Since the beginning of the year, business news has been riddled with stories about historic market volatility, decades-high inflation rates, and an increasingly hawkish Federal Reserve.
Meanwhile, it’s earnings season. And corporate America has been announcing a mix of good and bad news with its quarterly financial results.
Amid this backdrop, a bullish story has been emerging: Expectations for earnings growth are being revised up.
“Since the beginning of the earnings season, 4Q21 EPS has been revised up 4.3% to $53.48 (+26% y/y) and 2022 EPS has been revised up 0.6% at $224.90 (+8% y/y),” JPMorgan’s Dubravko Lakos-Bujas wrote on Thursday. “Looking to the following year, 2023 EPS has been revised up 0.7% since the beginning of the earnings season to $247.54 (+10% y/y).”
This may be a surprising development considering labor shortages, supply chain woes, and other pandemic-related disruptions have led to higher costs, which have been on display in the eye-popping producer and consumer price index reports.
However, corporations have been able to offset these rising costs through operating efficiencies, operating leverage, and price hikes. It’s why profit margins have been high, and it’s why analysts expect profit margins to remain high in the quarters to come.

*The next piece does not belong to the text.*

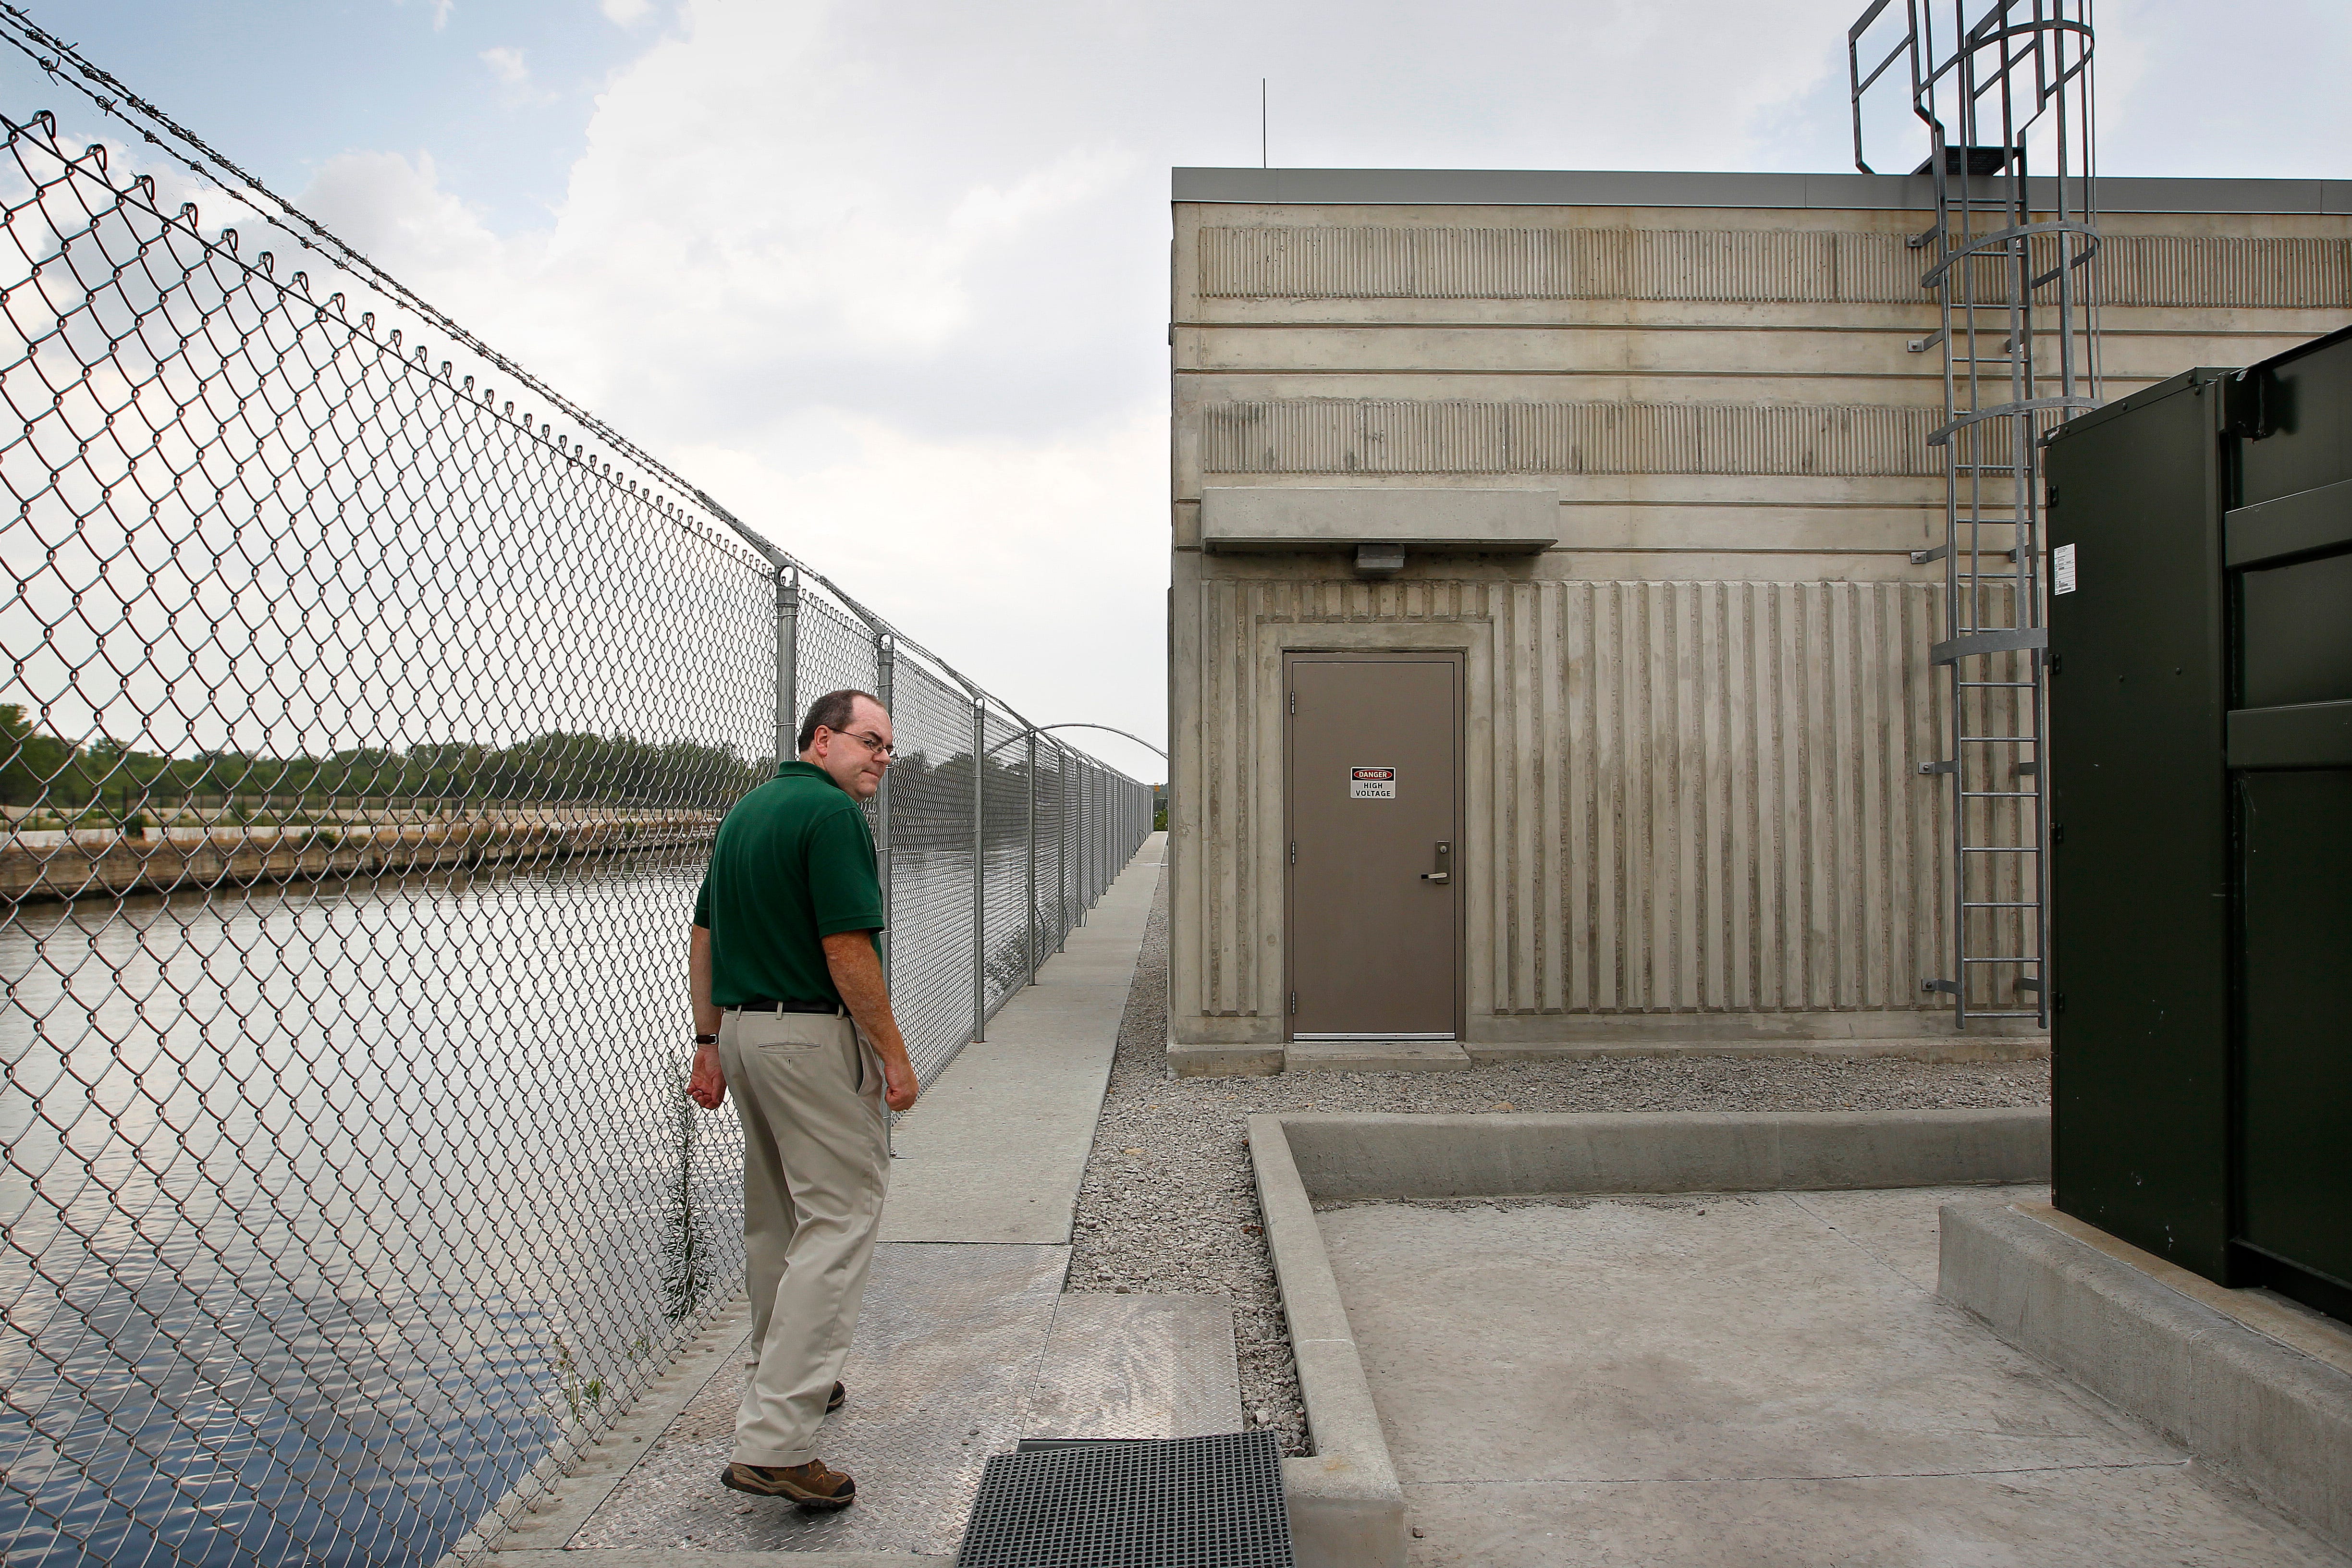 CARP_BARRIER. NWS, PORTER, 4. - Charles Shea. project manager, walks along the fenced off area of the Army Corps of Engineers' Electric Dispersal Barriers' monitoring station on the Chicago Sanitary and Ship Canal in Lockport, Illinois near Chicago. The barriers are designed to prevent inter-basin transfer of fish between the Mississippi River and the Great Lakes basins via the canal. July 19, 2012. GARY PORTER/GPORTER@JOURNALSENTINEL.COM

It’s definitely the case that consumers and businesses aren’t thrilled to be having to pay up for their goods and services. But for now, they have the capacity to pay.

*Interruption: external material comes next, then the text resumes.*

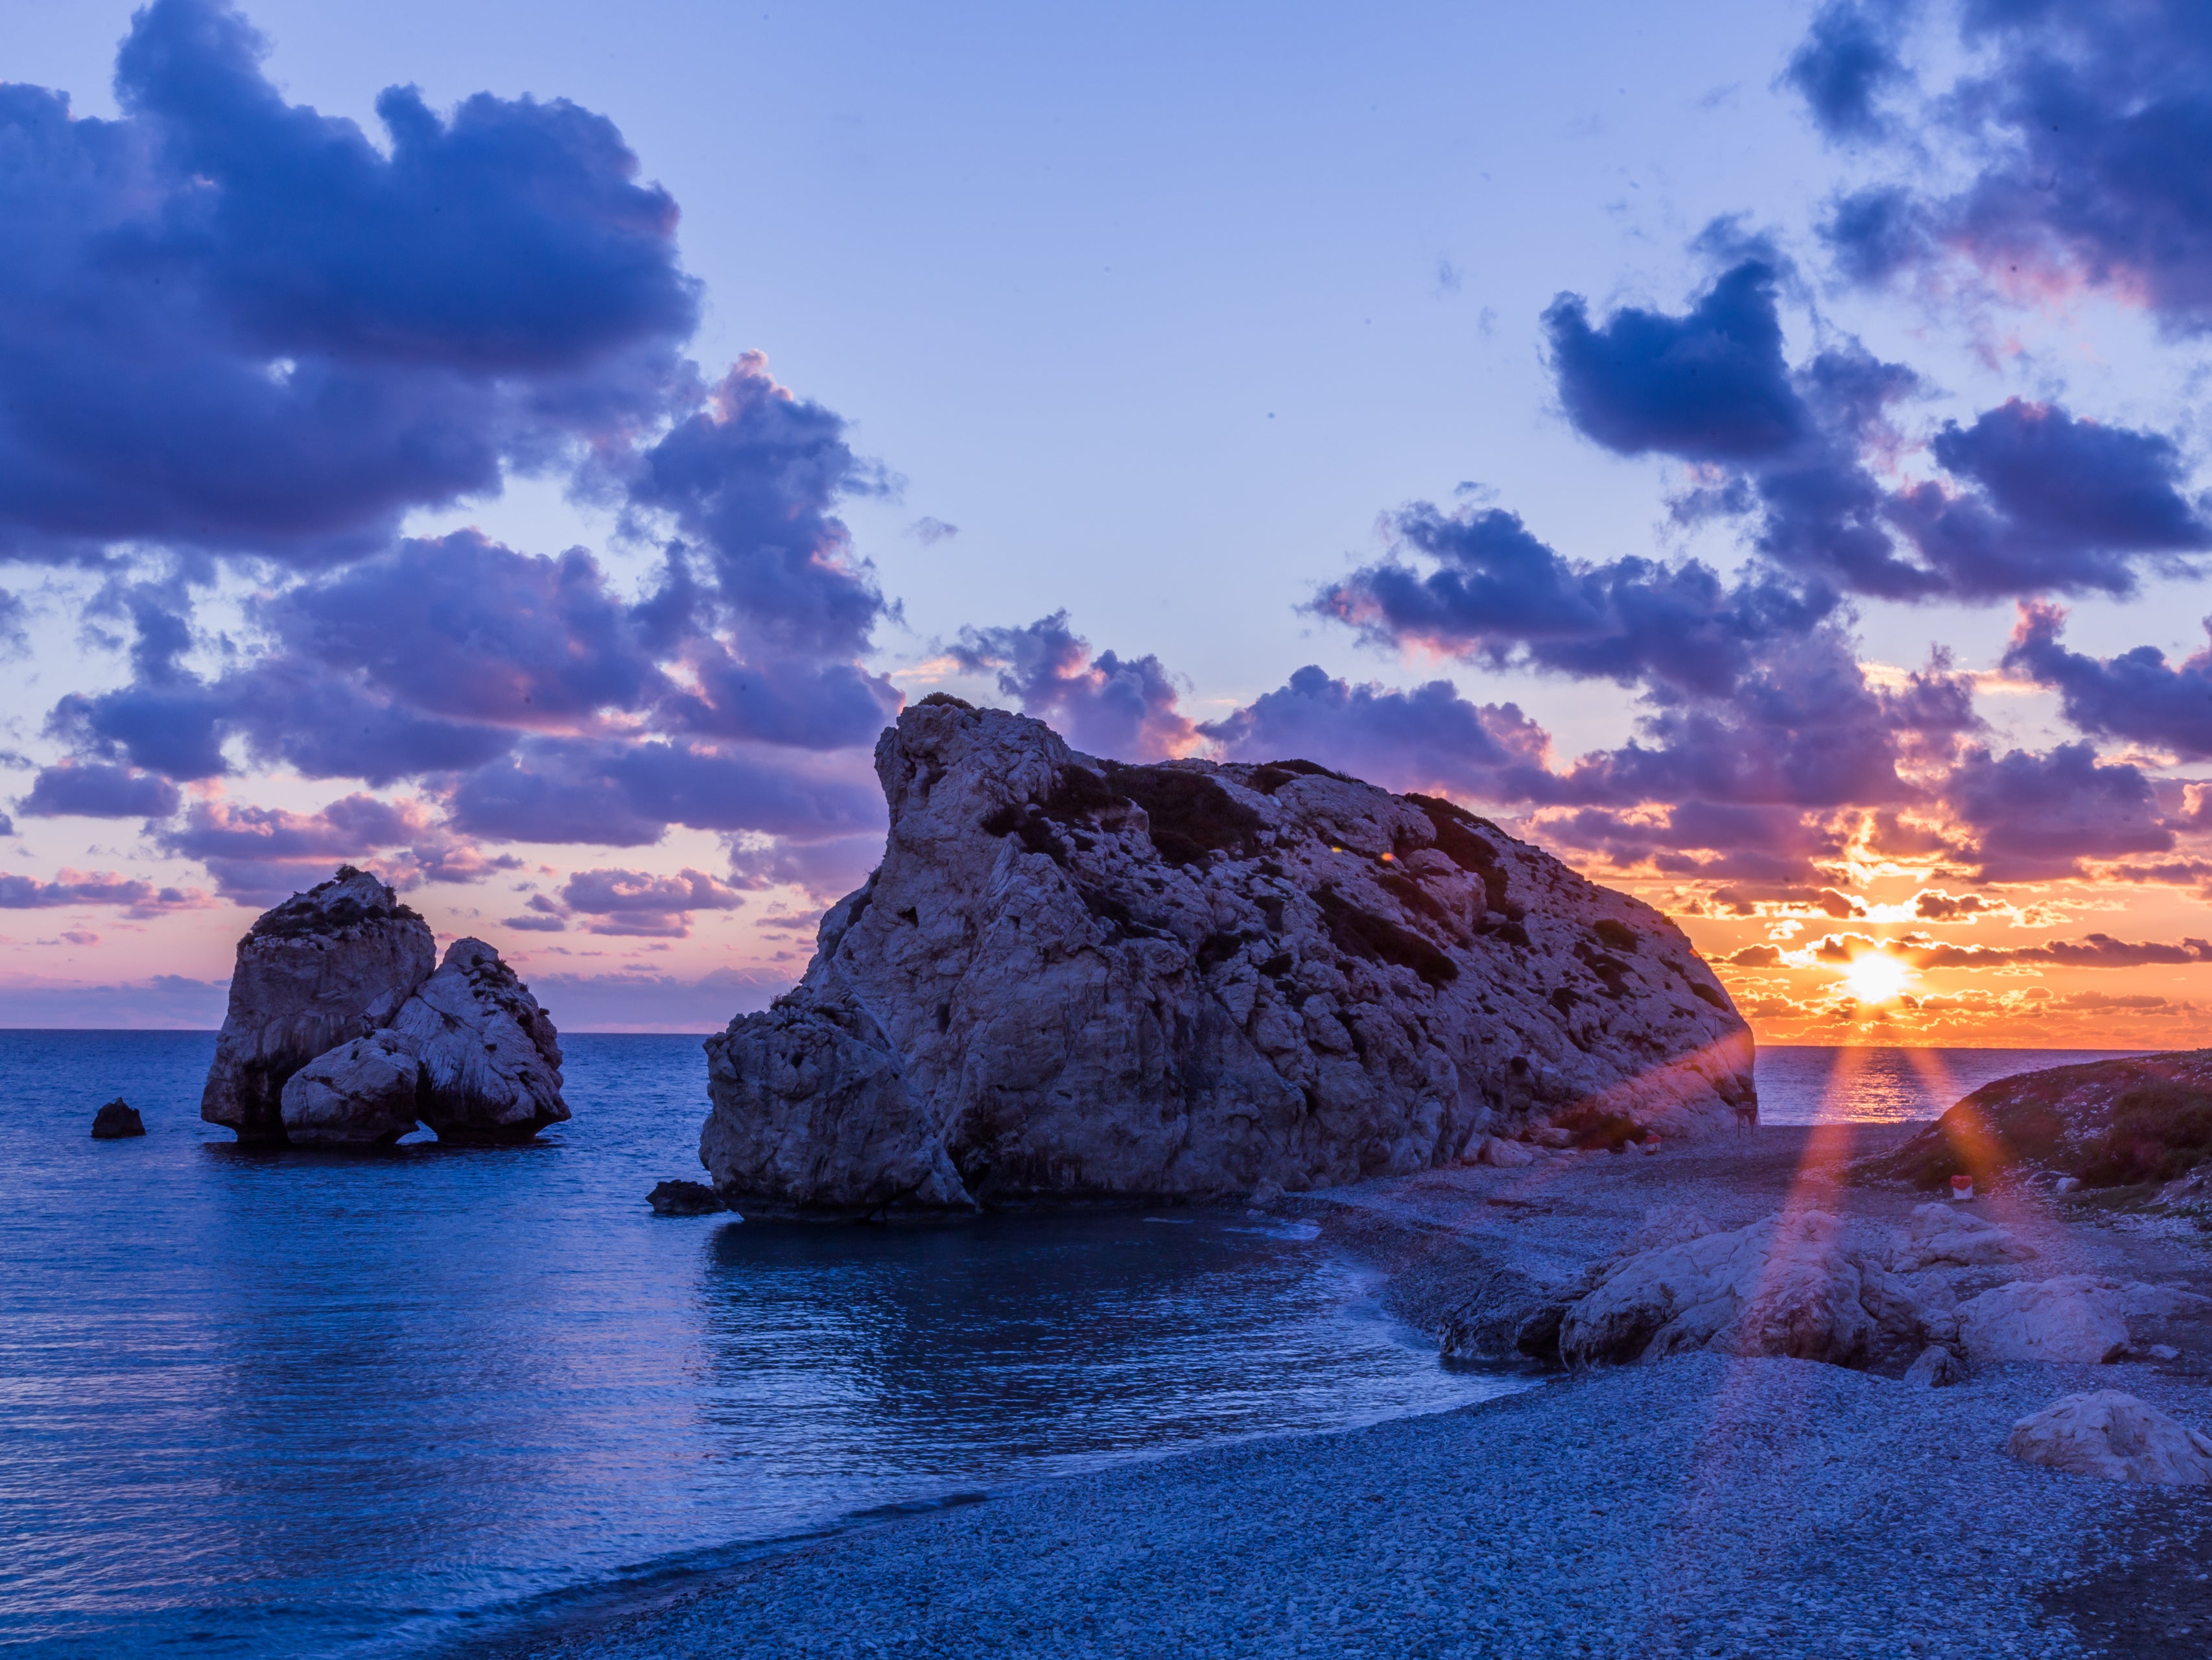 Paphos, Cyprus, is perfect for a luxury trip at short notice that won’t break the bank

Just this week, Coca-Cola (KO), PepsiCo (PEP), and Chipotle (CMG) were among companies that said consumers were paying for recently implemented price increases.

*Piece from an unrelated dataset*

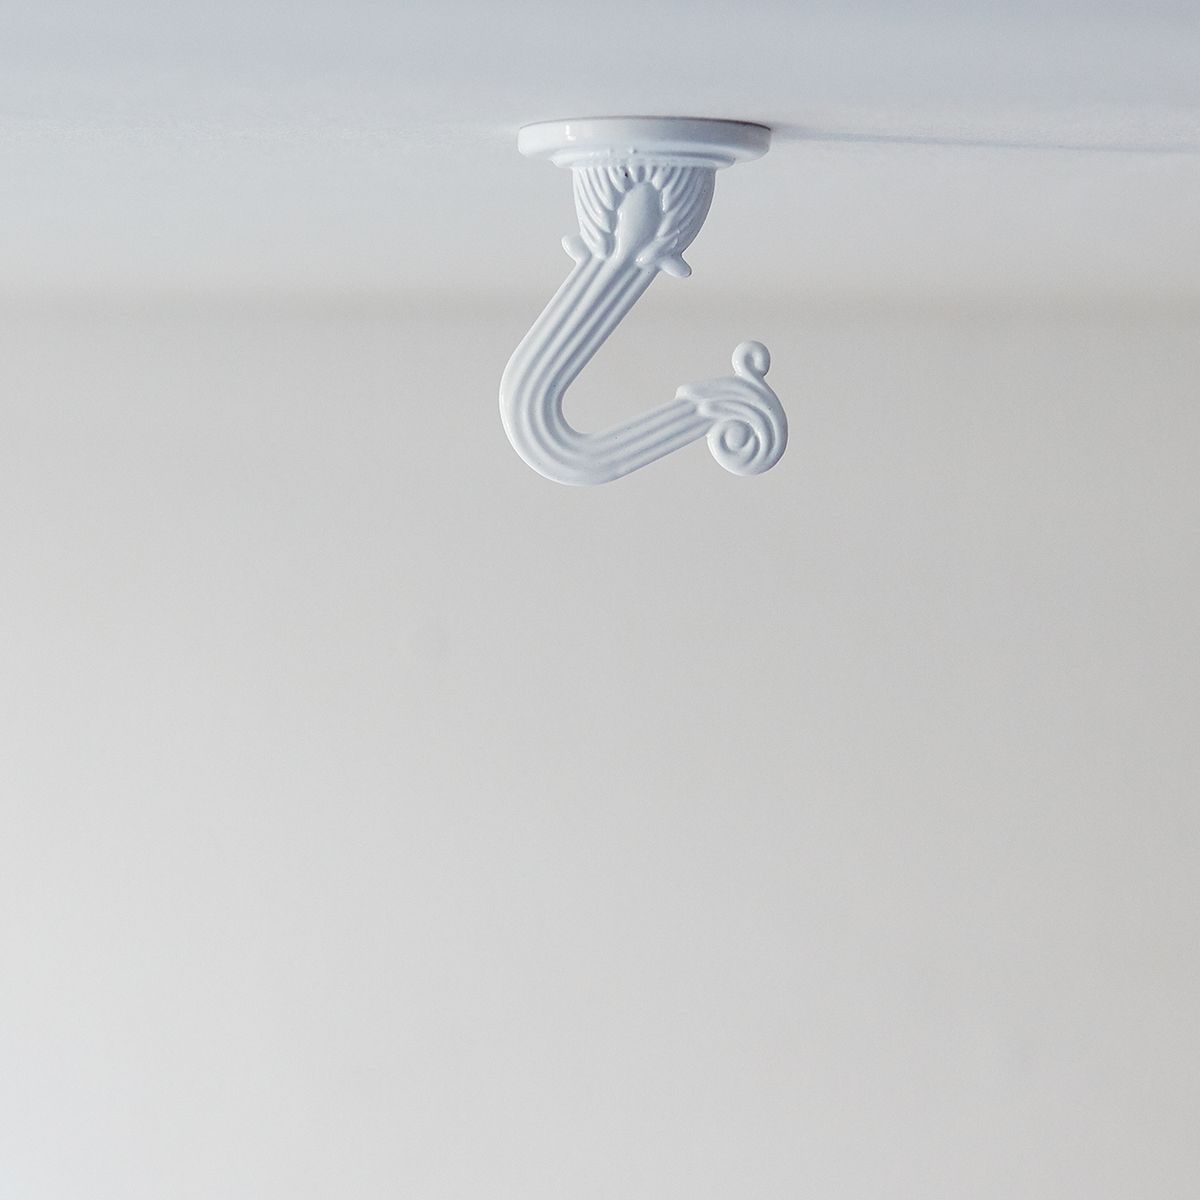 How do you hang a ceiling hook from a light?

The good news is all of this inflation may soon cool off with the Federal Reserve signaling its willingness to take aggressive action to contain inflation. Indeed, BofA strategist Savita Subramanian wrote on Monday that the Fed’s efforts to fight inflation represented a “net positive” for corporate earnings.
There’s no question that the economy is confronting a lot of crosscurrents. But even amid the uncertainty, there is a lot of evidence that shows prospects are more bullish than bearish.